‘One black, one white, separate and unequal’

Many African Americans live in segregated neighbourhoods, endure a racially biased criminal justice system.

The current African American outrage is not about the particular case of Michael Brown, writes Goudsouzian [Getty]

“Our nation is moving towards two societies, one black, one white – separate and unequal.”

This dismal analysis came in 1968 from the National Advisory Commission on Civil Disorders, better known as the Kerner Commission. Appointed by US President Lyndon Johnson to investigate the riots that plagued black inner cities the previous summer, this body of political and business leaders assessed that: “What white Americans have never fully understood – but what the Negro can never forget – is that white society is deeply implicated in the ghetto. White institutions created it, white institutions maintain it, and white society condones it.”

Almost half a century later, those words hang like dark clouds over Ferguson, Missouri, where a grand jury has refused to indict Darren Wilson, a white police officer, for shooting Michael Brown, an unarmed black teenager. The killing, which occurred three months ago, triggered weeks of civil unrest, including violent outbursts by black residents and a heavily militarised occupation by the Ferguson police. The verdict on Monday evening ignited more protests in Ferguson and throughout the United States.

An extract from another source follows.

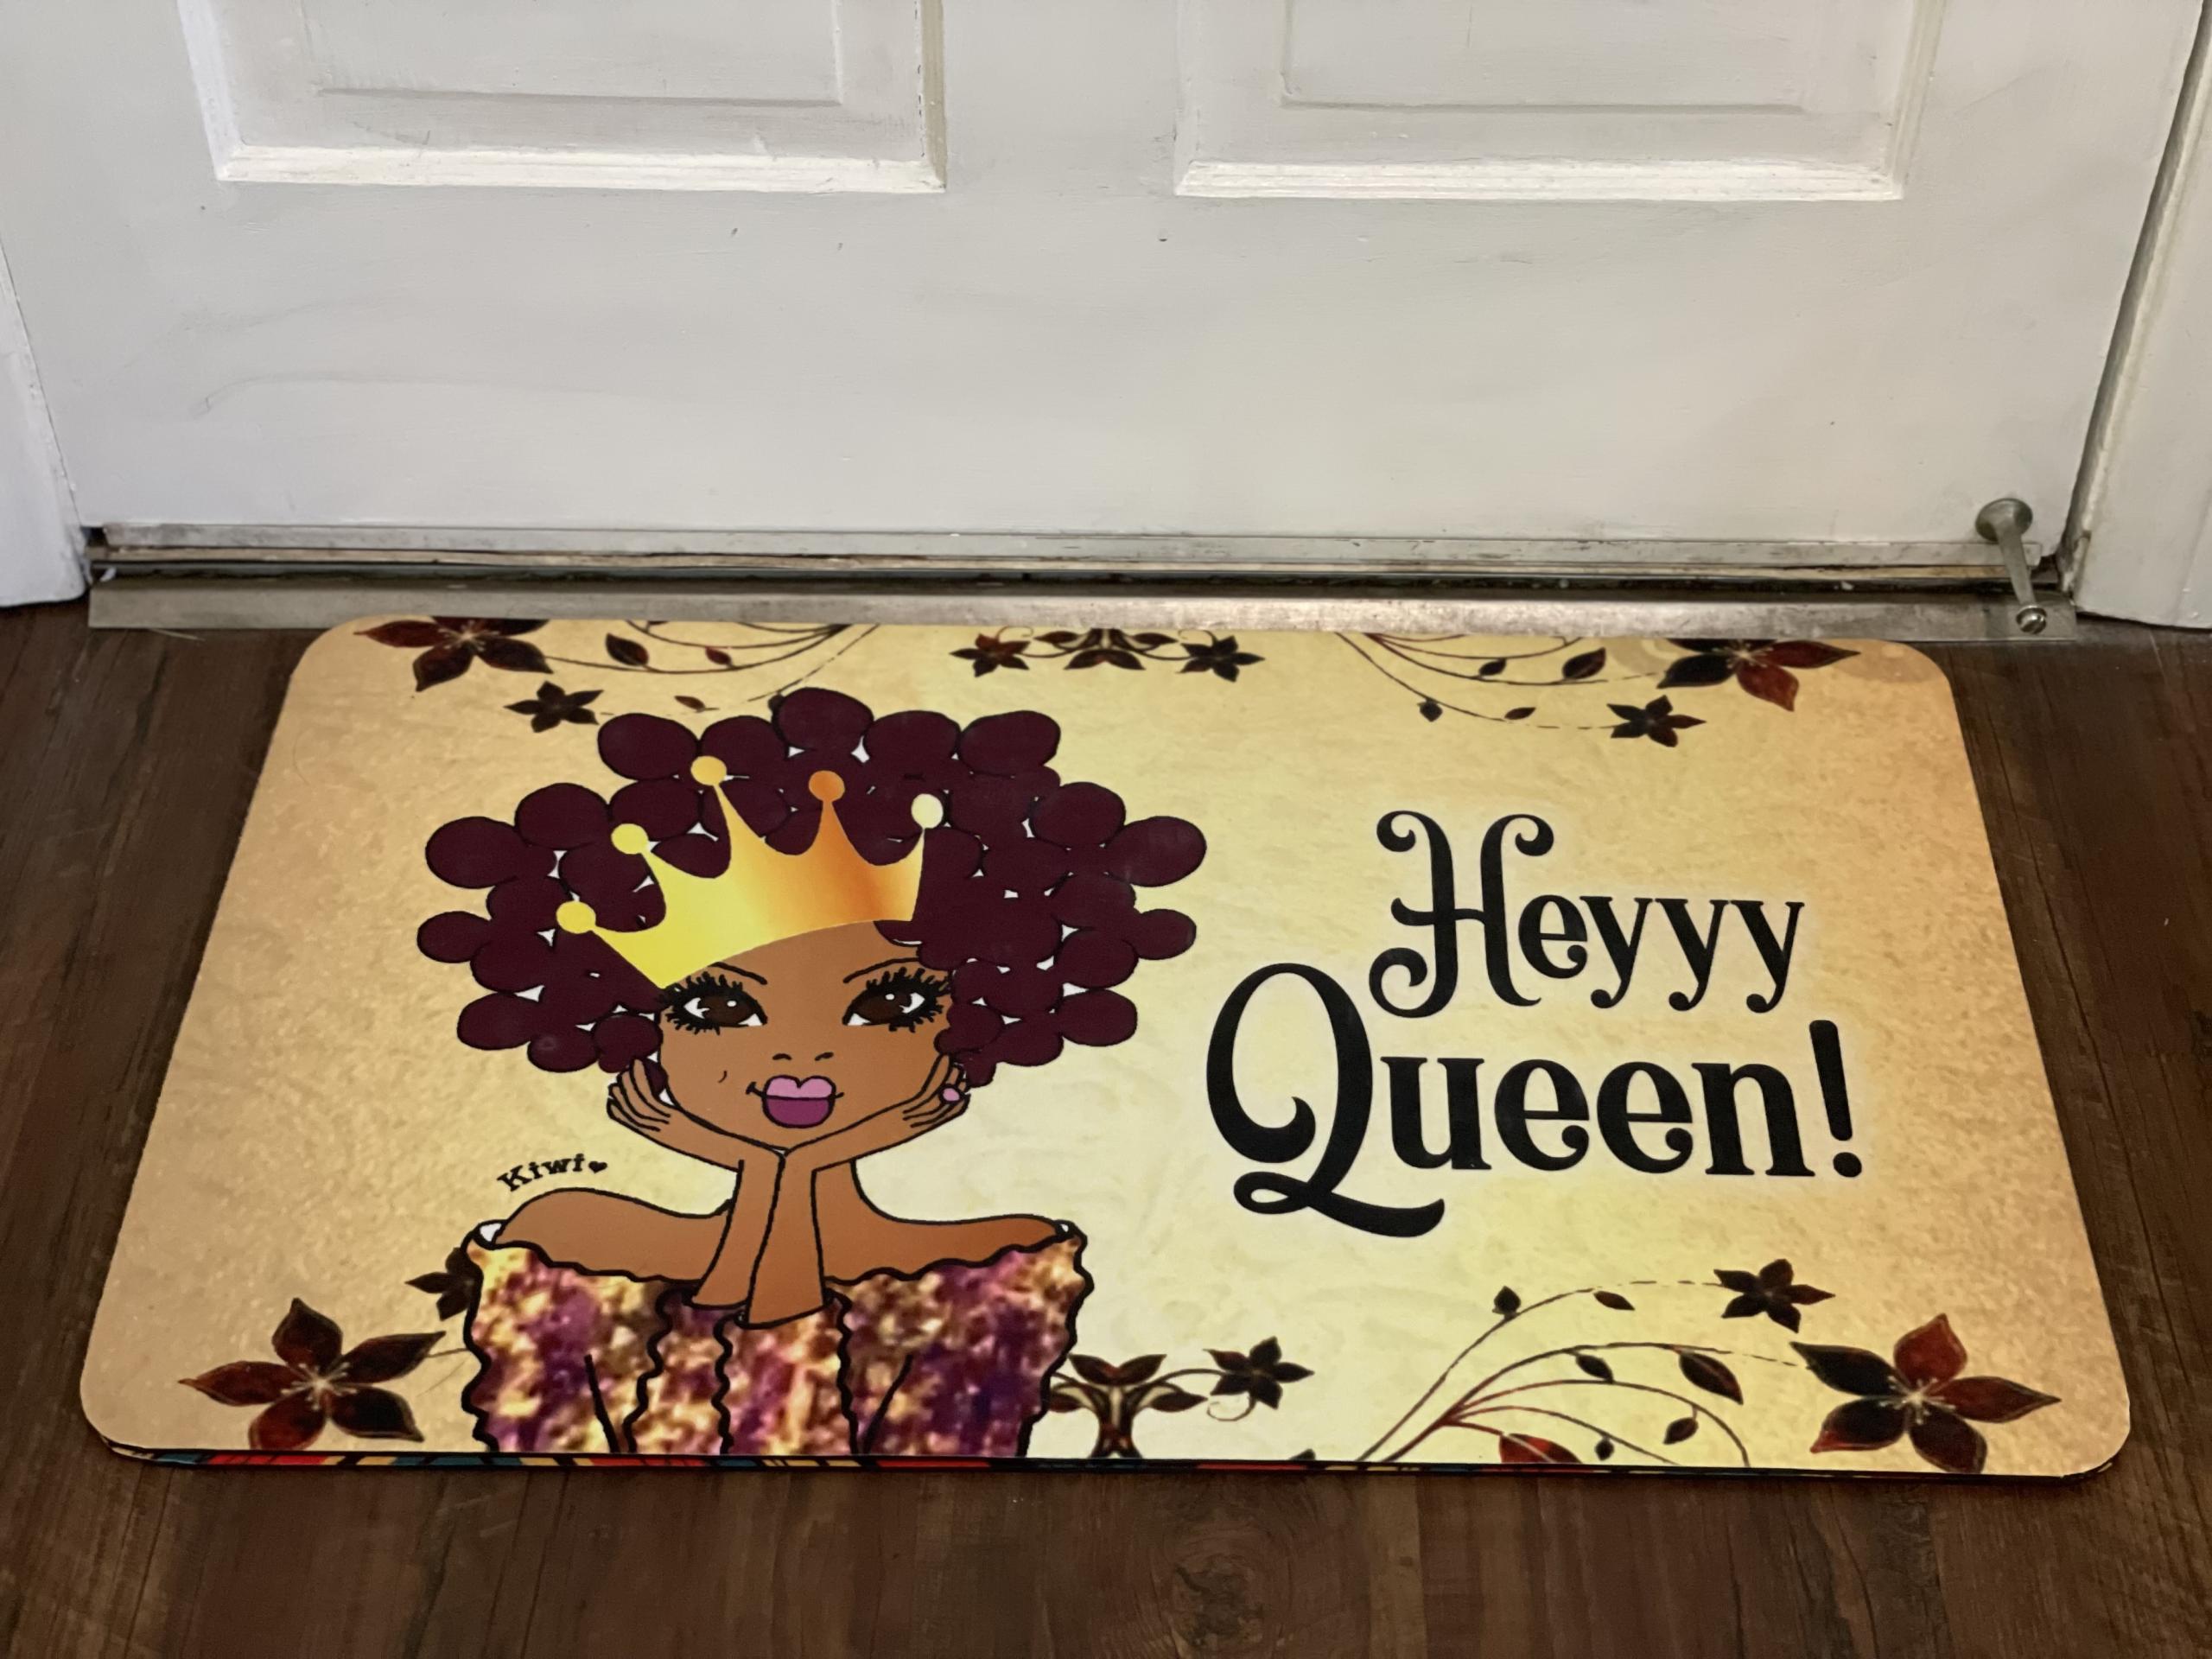 The Kitchen Queen Oven Mitt Potholder Set by Shades of Color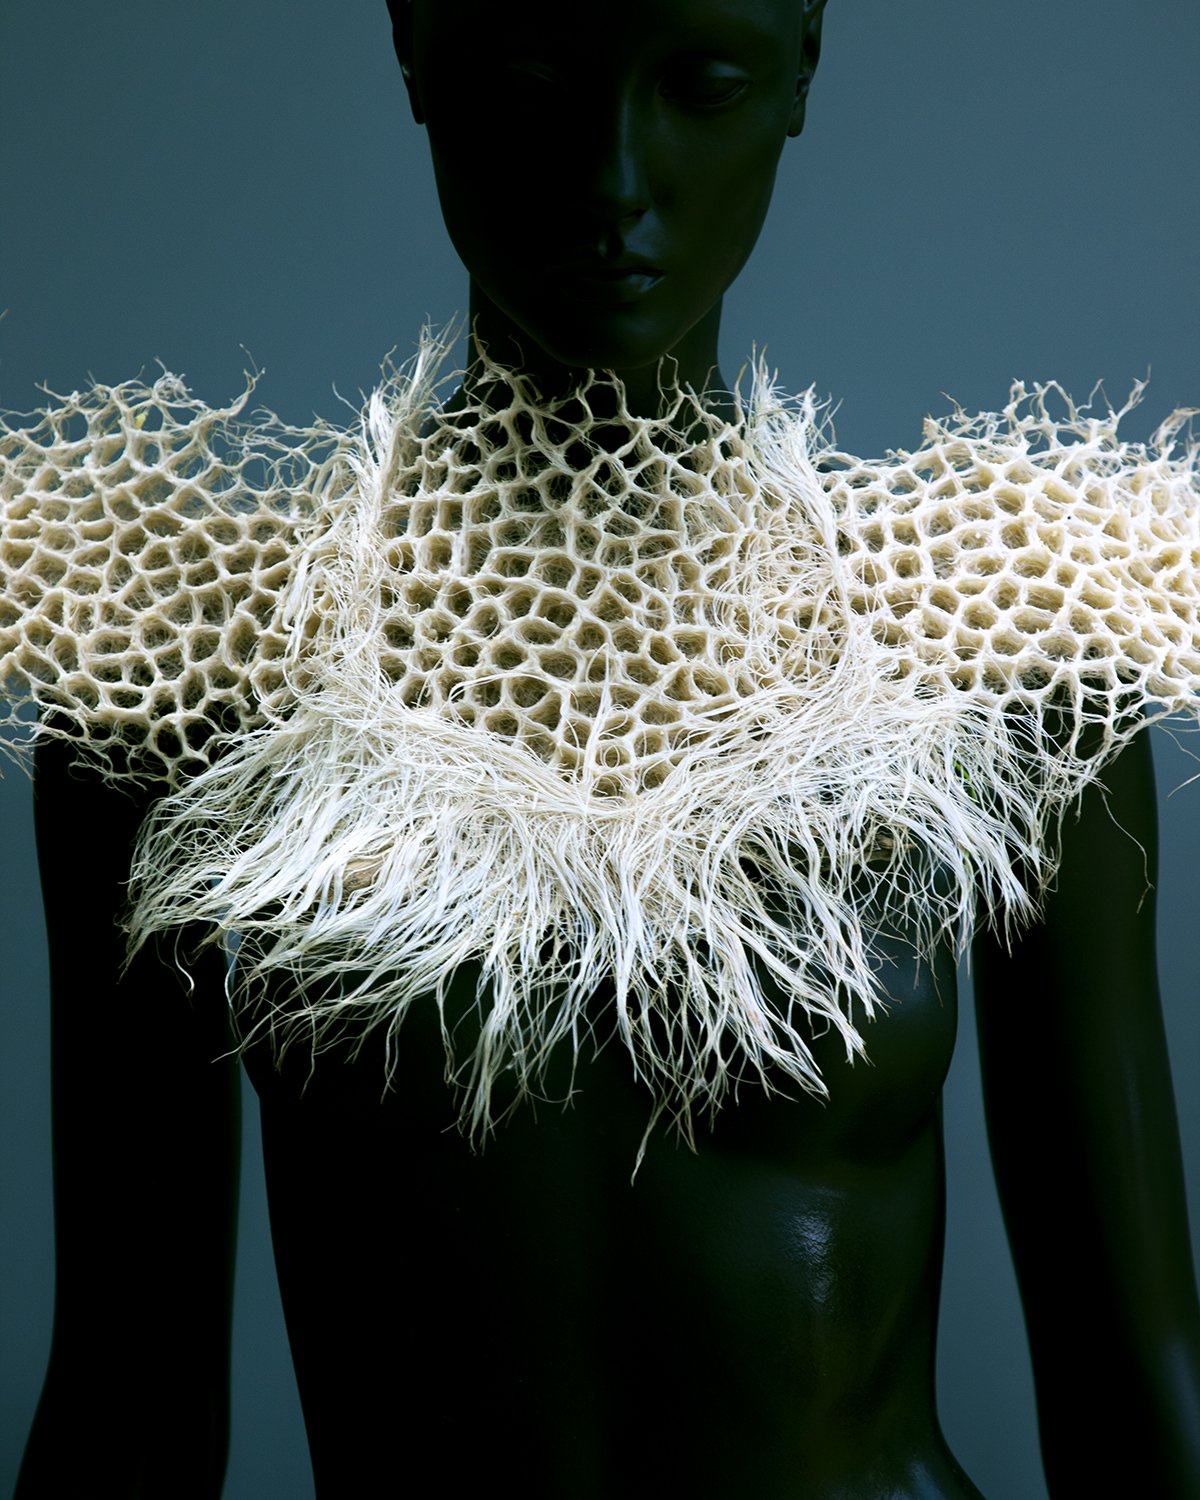 White collar grown from root, inspired by coral by Zena Holloway

The jury’s decision was rooted in the specifics of the interaction between Wilson and Brown. Some witnesses testified that Brown, who had committed petty theft, had his hands up in surrender. Wilson and others maintained that Brown aggressively approached the officer. But the current African American outrage is not, at its heart, about the particular case of Michael Brown.

Second-class status

Rather, the shooting confirms the dire warnings of the Kerner Commission, sharpening black perceptions of their own second-class status in American society. For all the nation’s progress in the wake of the civil rights movement, many African Americans live in segregated neighbourhoods, endure a racially biased criminal justice system, and operate within a political culture that dismisses their perspective. These barriers have roots in the past, but they endure in the present.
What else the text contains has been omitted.